The appeal of “Draw Something” is in its simplicity. This combination of humor, gameplay and social networking is coming to dominate game design.

Content issues: “Draw Something” is available for iOS devices in free (with ads) and $1 (without ads) versions. The game is not rated, but there is no problematic content native to the game. However (and please note this is the “Big Red Warning”), this is a social-media game. If you decide to play or let your kids play, be aware that it is not only possible but quite easy to start a game with total strangers. Those strangers can draw or write whatever they like during their turns, and it is not at all unusual for offensive words or images to be transmitted as game turns. A  PC version is called “Draw My Thing,” which was an unfortunate name choice. The PC game includes multiple players guessing as one person draws. I popped in and out of various games one day, and one person popped into every session and, well, drew a body part no matter what the clue was.

It is possible to play this game on a handheld device with kids and not have this problem, but they cannot choose the “random” option when starting a game. The parent needs to make an account or allow them to connect via Facebook, and then limit gameplay to people known to them.
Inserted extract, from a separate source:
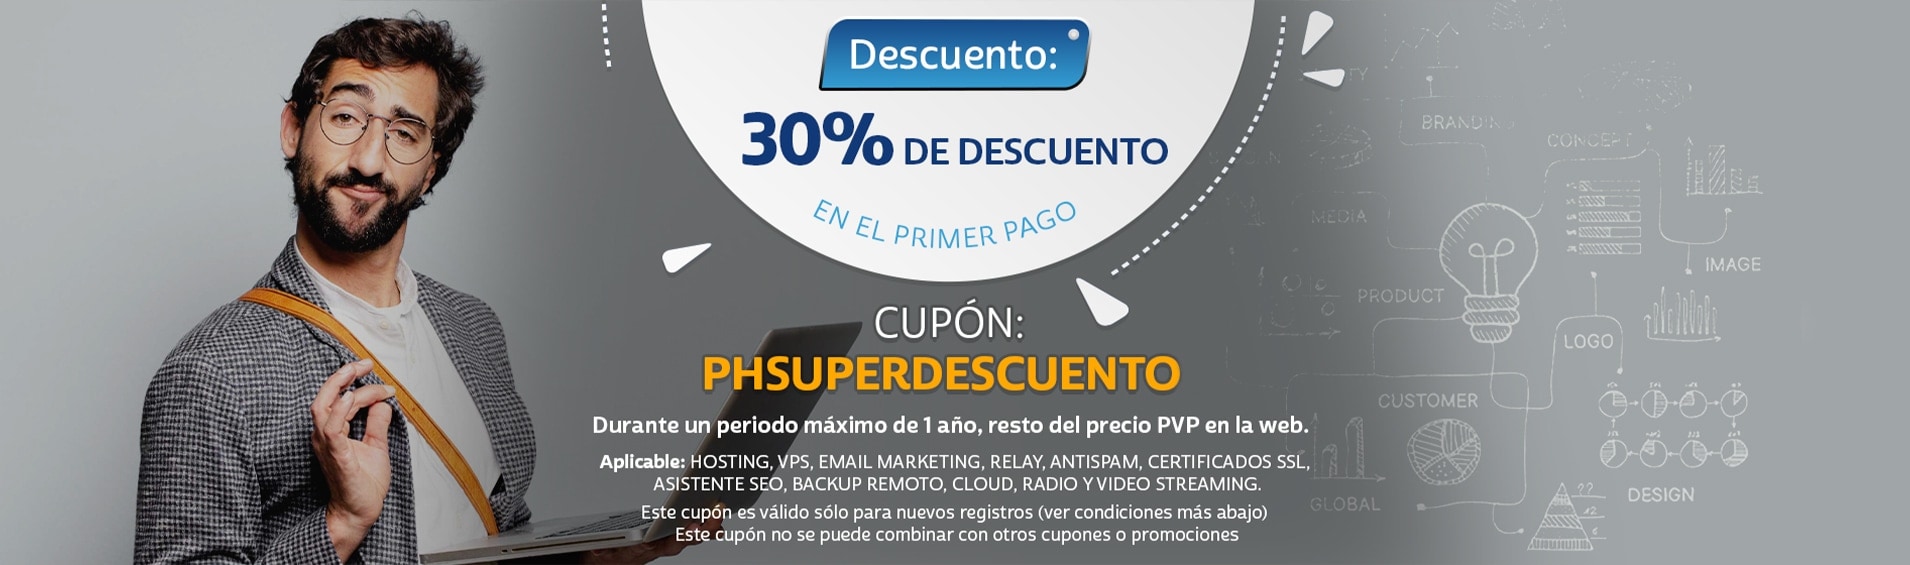 cupon descuento profesional hosting 30%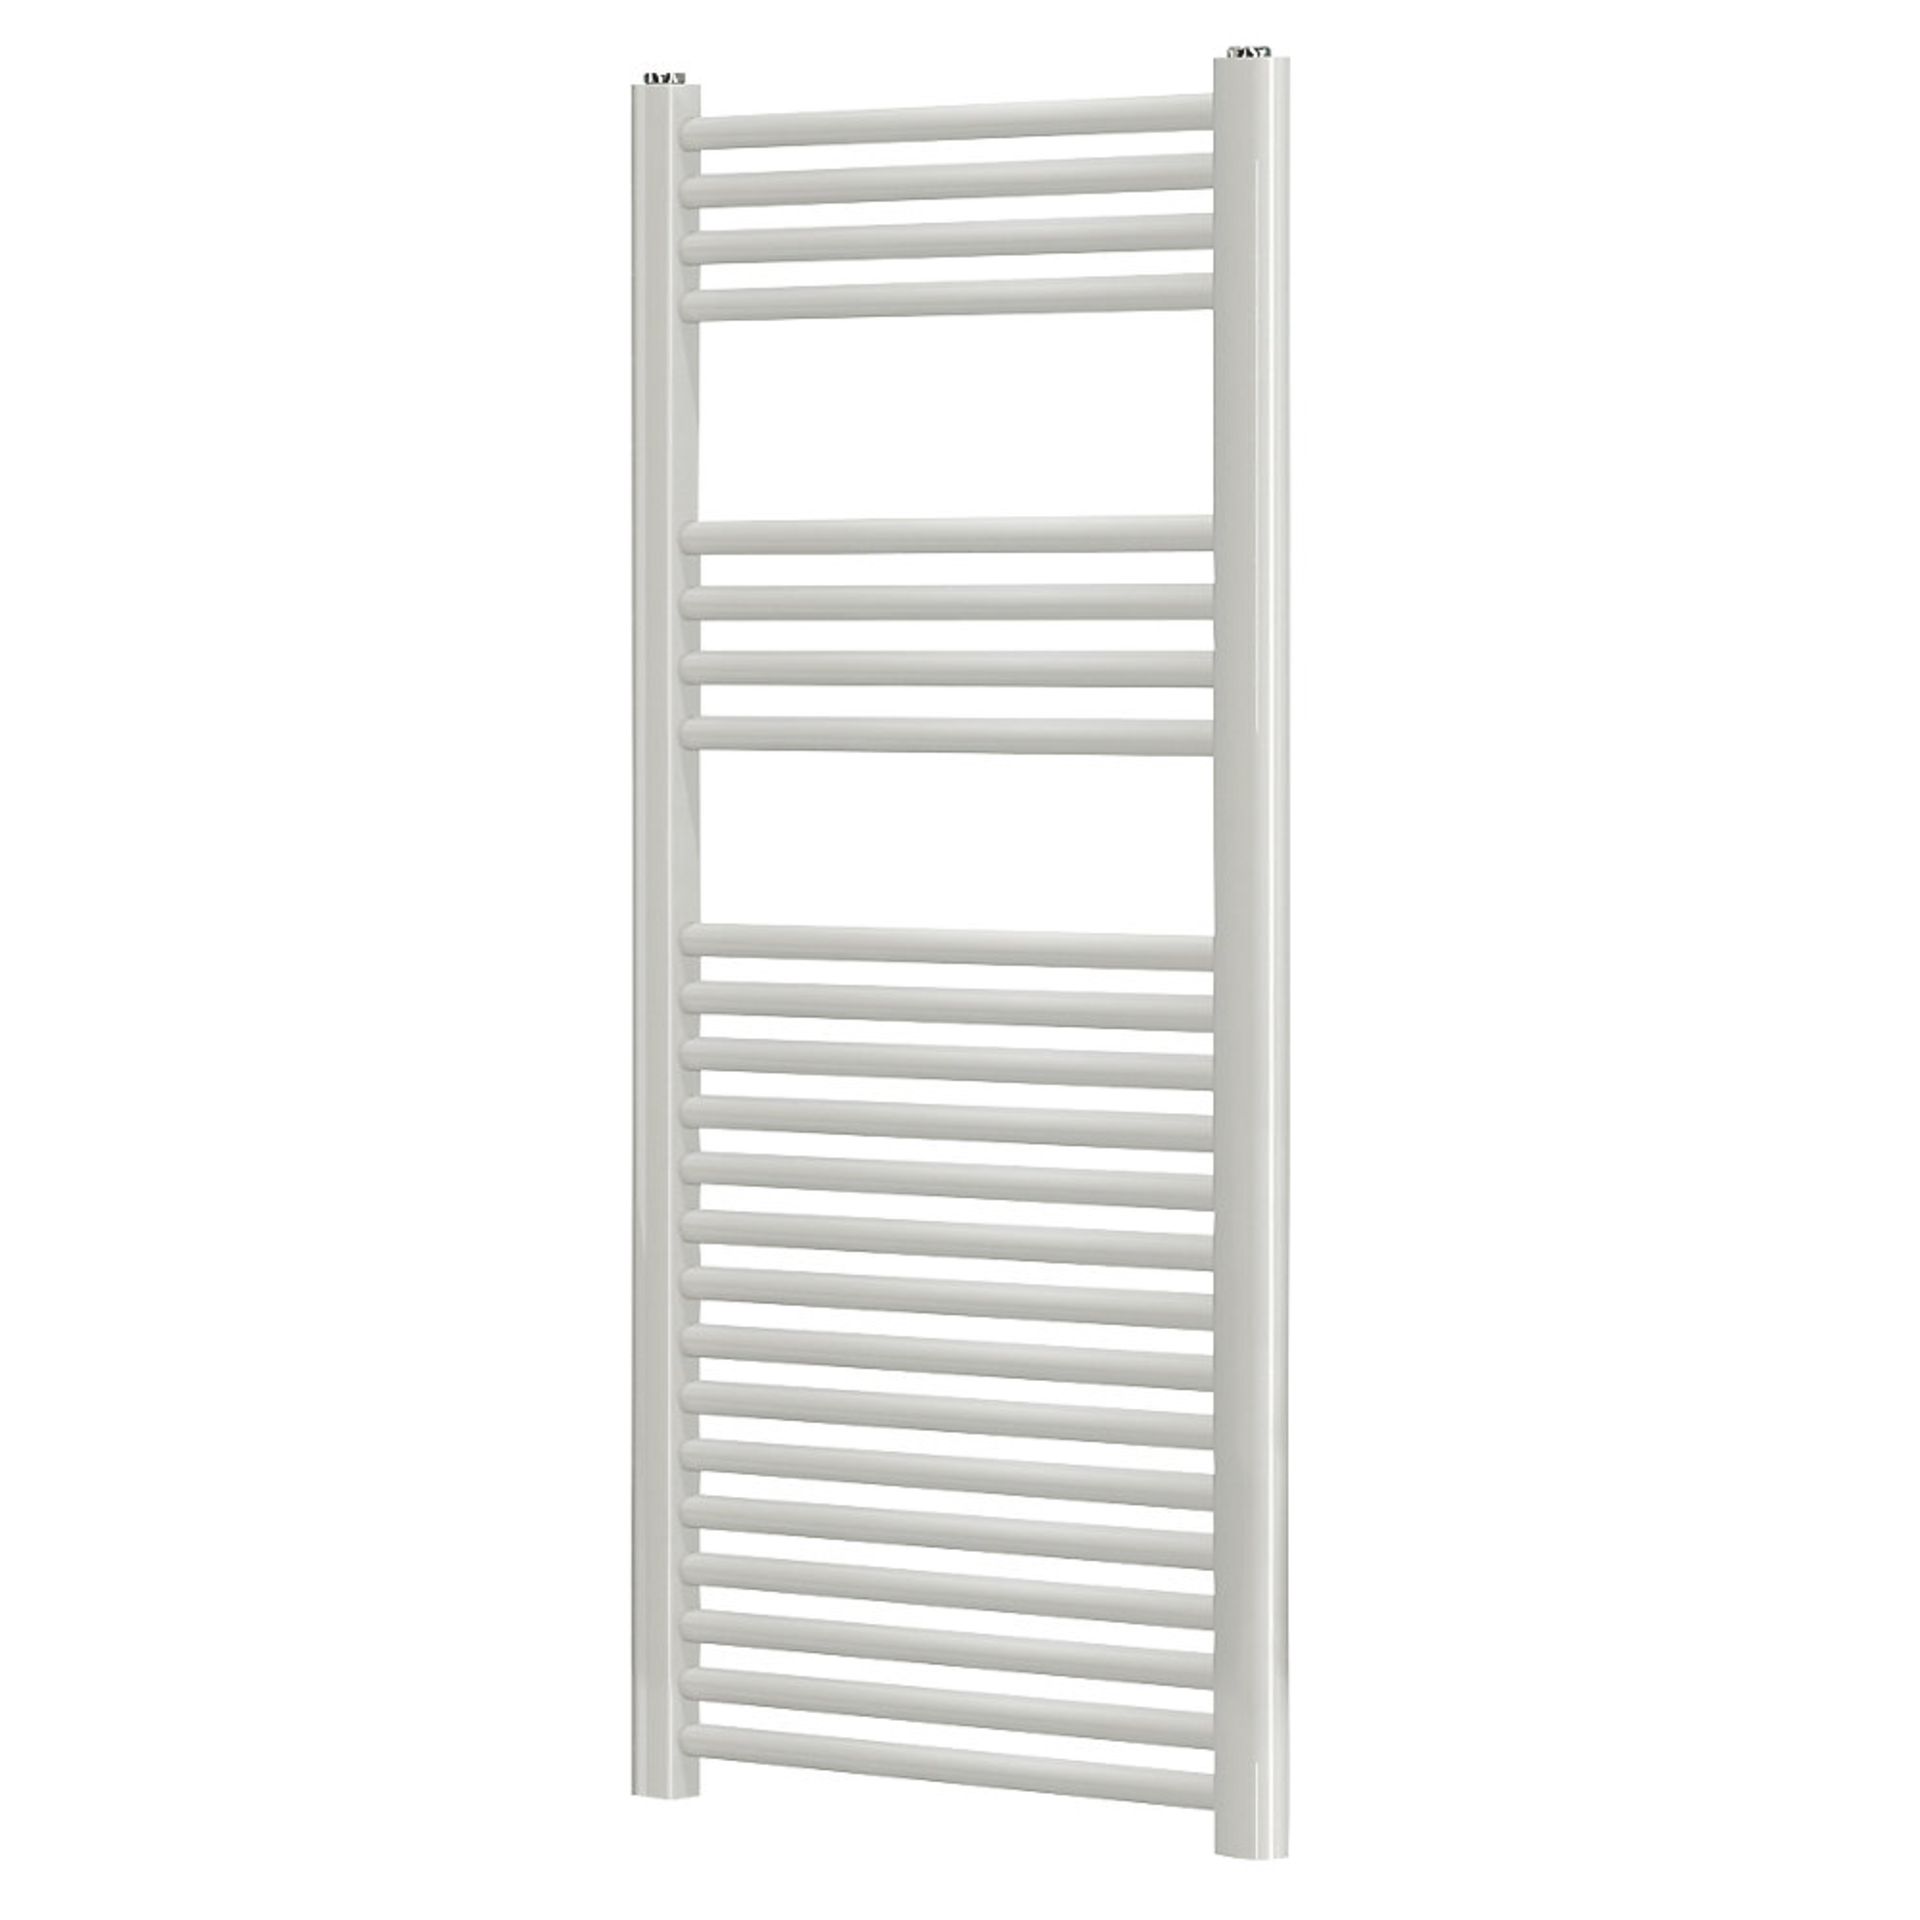 (QW220) 1200x450mm TOWEL LADDER RADIATOR WHITE. High quality steel construction with a powder-coated

As far as new card games that the family will enjoy — with no need for parental warnings — there’s “Gubs.” GameWright Games makes excellent little board and card games for the whole family, and “Gubs” is one of their most appealing yet. The design of “Gubs” is credited to Cole and Alex Medeiros, with fantastic artwork by Israel Woolfolk. On the website, Cole Medeiros tells the story of the game’s evolution from a homemade project for family and friends to self-publishing and finally to the slick treatment given to the game by GameWright. Everything from the art to rules, card design, the “fun factor” and play balance is spot on. It even comes in my favorite packaging: the compact embossed tin.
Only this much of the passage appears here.